Supplied data START
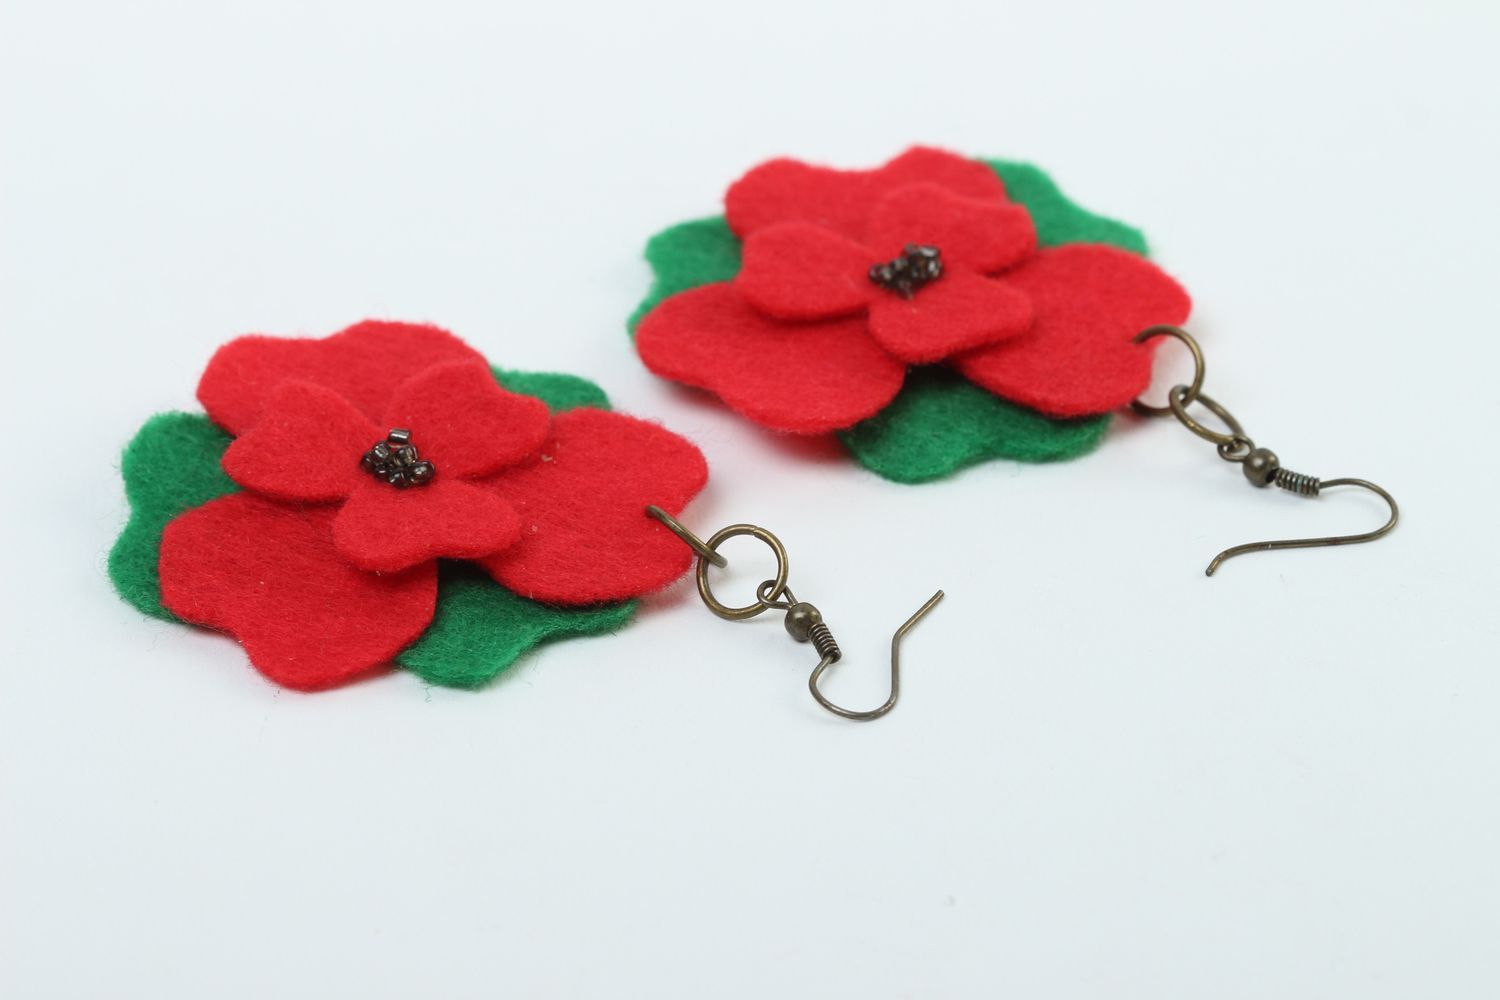 Handmade felted wool earrings fashion accessories for girls needle felting photo 3
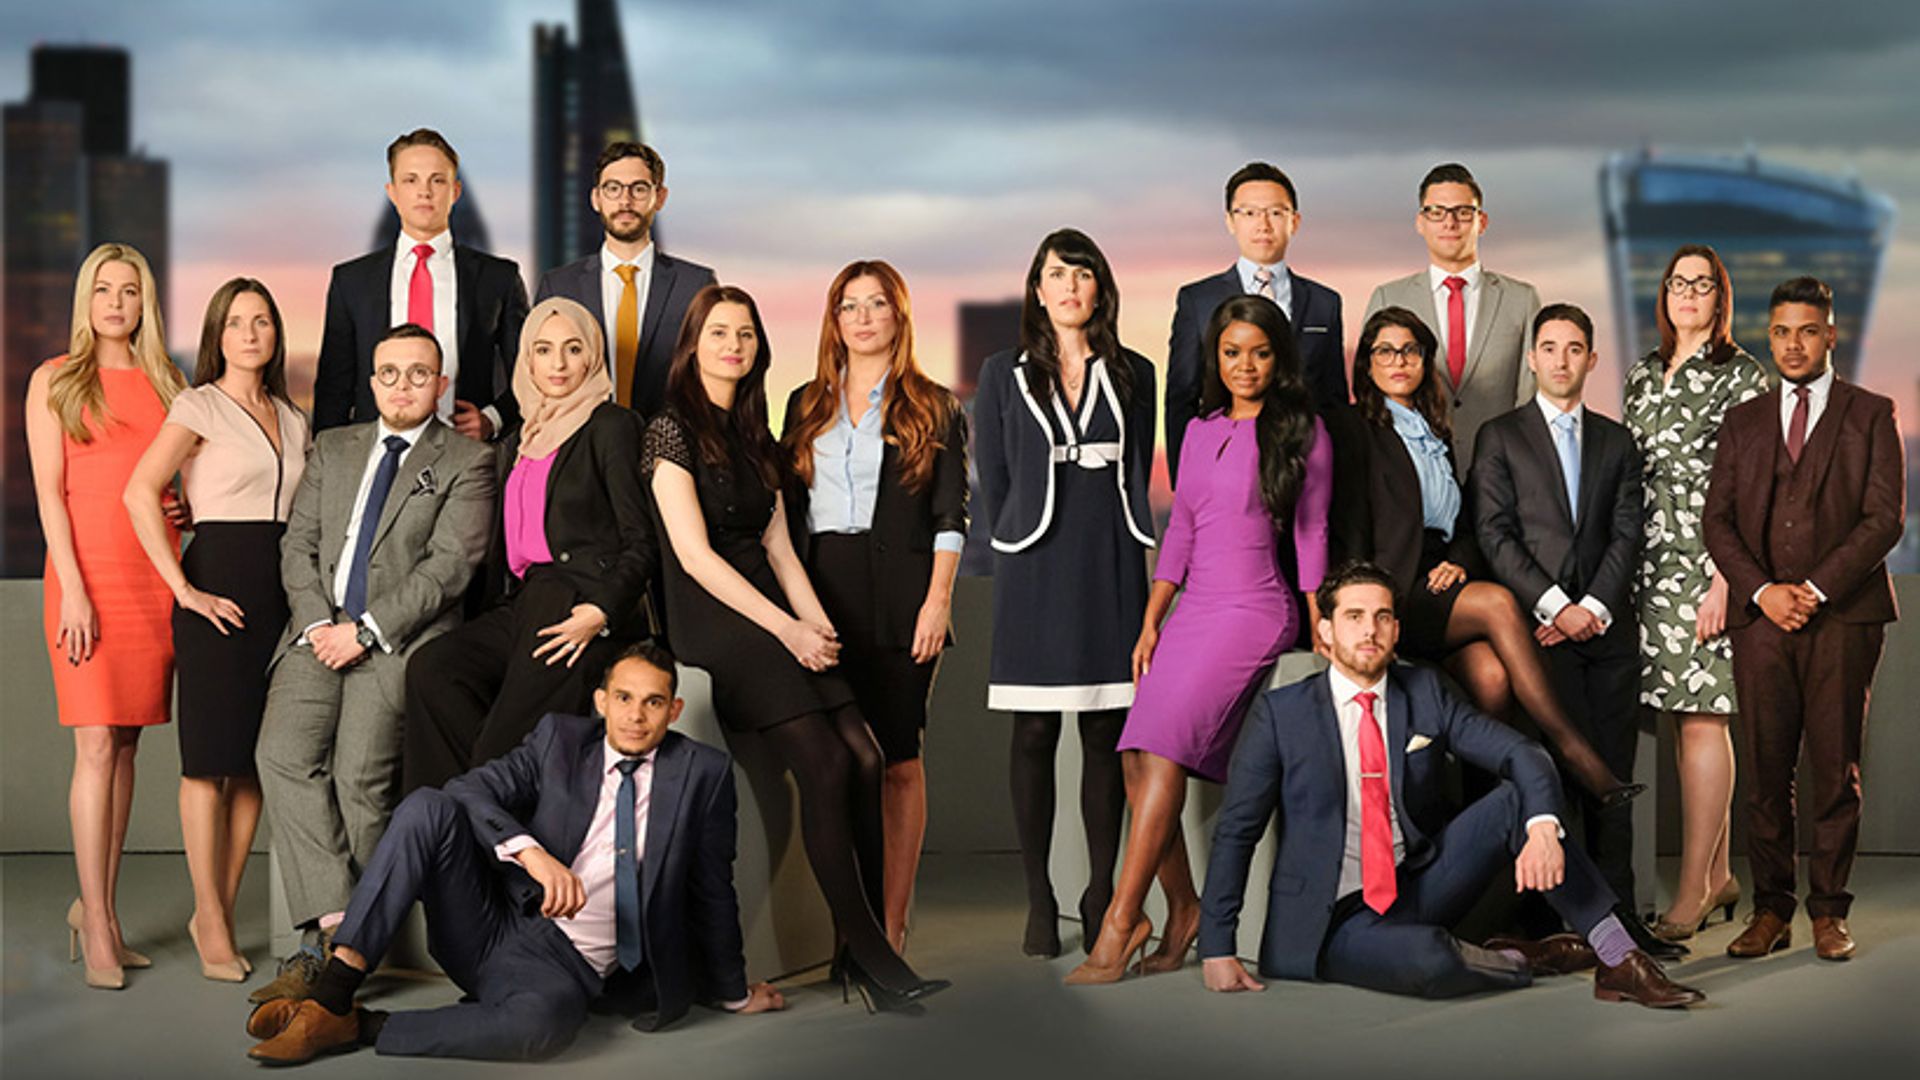 The Apprentice 2017: Meet the candidates
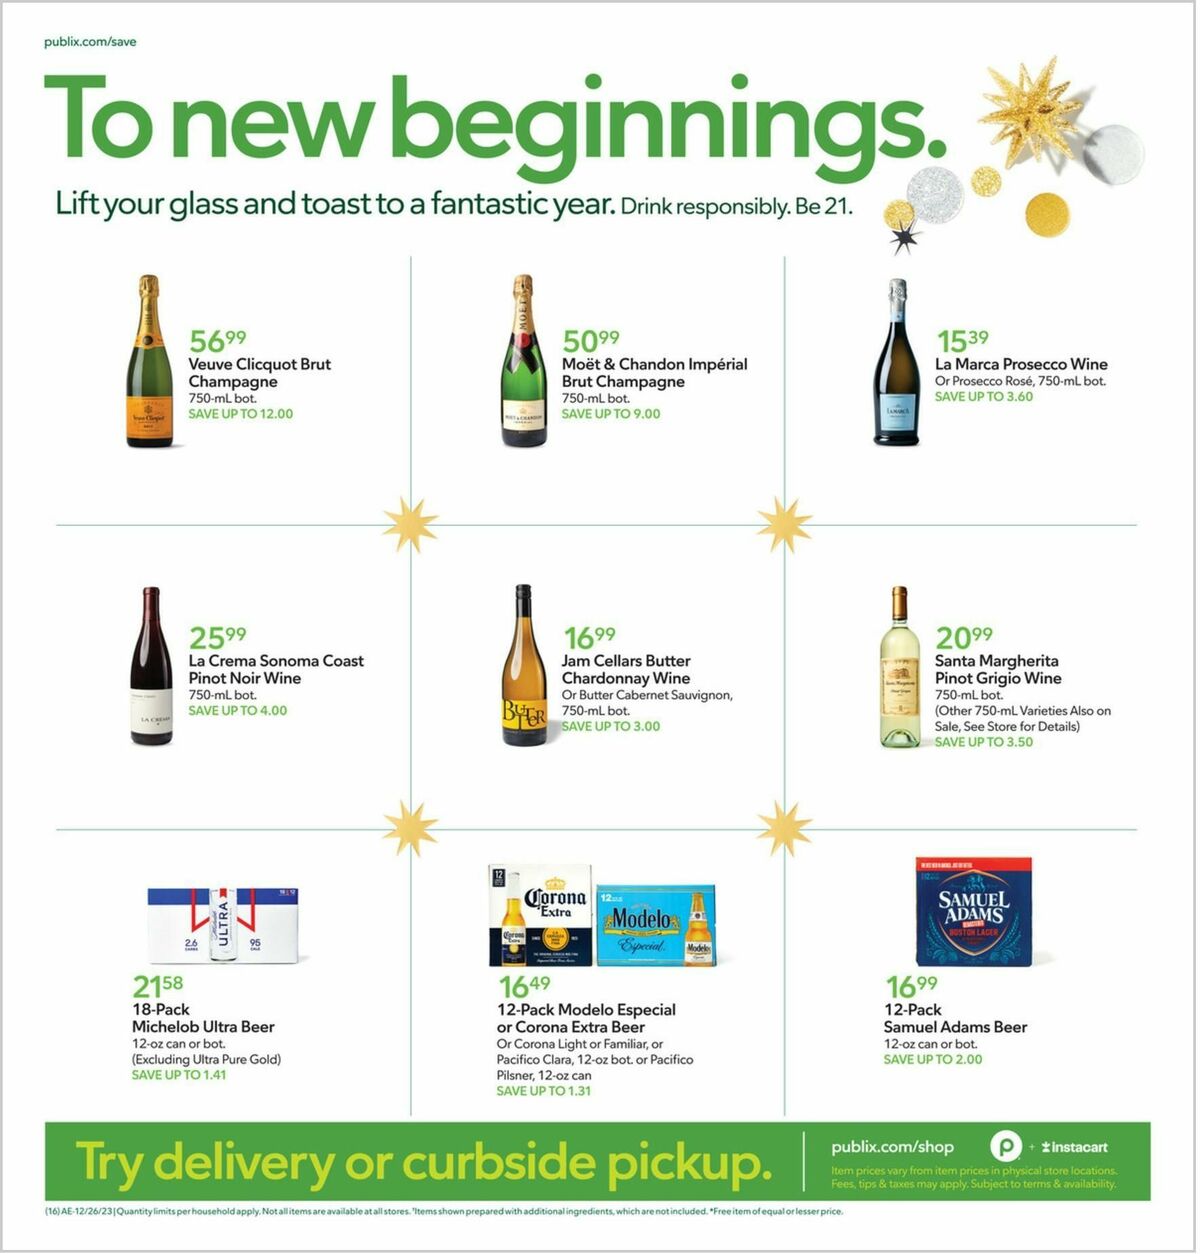 Publix Weekly Ad from December 26
Supplied data END
Reproduce word for word the lines from the one containing "The Apprentice 2017: Meet the candidates" through the end of the data, both ends kept. Drop the pictures.

| Expected answer |
 The Apprentice 2017: Meet the candidates
 Publix Weekly Ad from December 26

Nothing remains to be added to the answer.